Tassles, photo by Tom Murphy

Friday | 03.13
What: Witch Cat Records Anniversary: Tassles, babybaby4ever, Watch Yourself Die, The Tammy Shine and Hotel WiFi
When: 7
Where: Squirm Gallery
Why: Witch Cat Records is celebrating its five year anniversary with this show including artists both on the label and adjacent to its aesthetic embracing the uniquely creative and finely honed experimental music whether pop or otherwise. Tassles is a band that shows how lo-fi shoegaze can have a maximalist emotional resonance, babybaby4ever is like a rebirth of tonally rich synthpop in an inspired idiosyncratic vein, Watch Yourself Die is a confrontational performance art band, The Tammy Shine is the iconic lead singer of Dressy Bessy doing her own version of spirited punk-edged pop and Hotel WiFi somehow reconciles country, emo and lo-fi indie rock.

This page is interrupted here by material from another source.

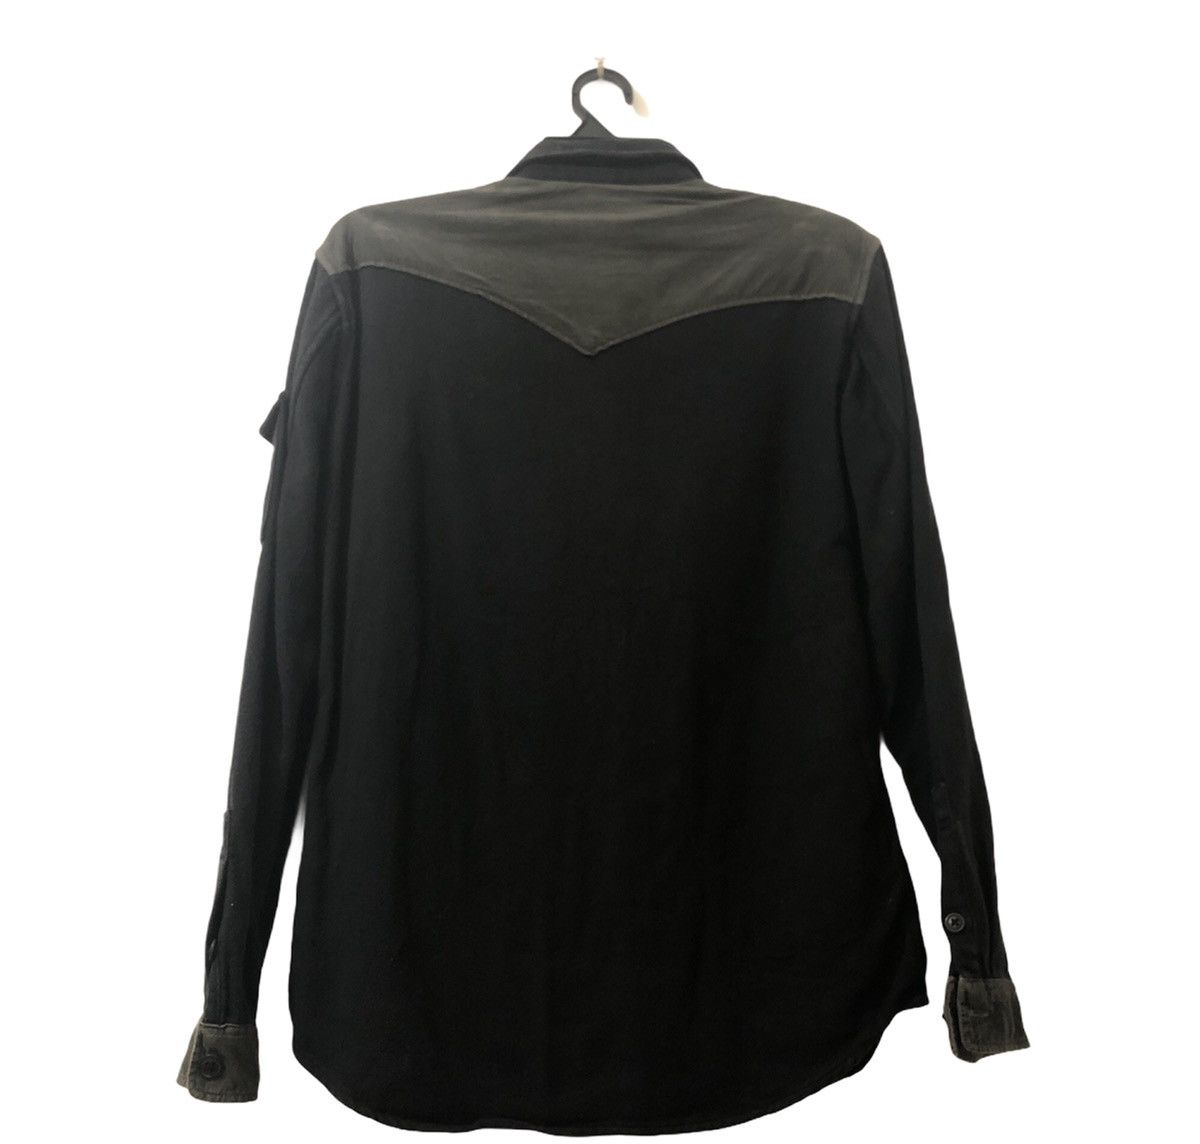 Uniqlo undercover shirt long sleeve - 4

Moon Pussy, photo by Tom Murphy

Friday | 03.13
What: Moon Pussy, Cleaner and Team Nonexistent
When: 7
Where: The Crypt
Why: Moon Pussy makes the kind of noise rock that makes you wonder why other bands don’t adopt a fully eccentric approach to lyrics and performance because they’re so compelling and unique that it’s difficult to really compare them to anyone else except to clumsily slap a genre term on them. Team Nonexistent started out as more of a Riot Grrrl-esque grunge band but now is more a raw punk thing with stirring hooks and pointed lyrics. Cleaner is a punk band with some threads of fuzzy, psychedelic 2010s garage rock.

Jeff Tweedy and band, photo by Rachel Bartz

Friday | 03.13
What: Jeff Tweedy w/Liam Kazar
When: 6:30
Where: The Ogden Theatre
Why: Jeff Tweedy released a thirty song opus of an album called Twilight Override in September 2025. The record showcases the songwriter’s typically thoughtful and personally insightful lyrics as well as his knack for writing paradoxically spare songs with orchestral arrangements. The gentle energy of the song reflects the guiding principle, as it were, of the release and that is how creativity is the antithesis of the pervasive destruction and darkness that is part of everyday life in America and so much of the world in this moment and if one is honest for years. The record is an attempt to stay above being overcoming by this tidal wave and show at least a little common human solidarity in songs that sound like an attempt to being drowned by personal anxieties and the ambient terribleness around us daily as they intermingle to reinforce each other in sinking every single one of us. Tweedy addresses all of this with warmth and humor and live he’ll likely have more than a handful of stories to enhance the intention of the album.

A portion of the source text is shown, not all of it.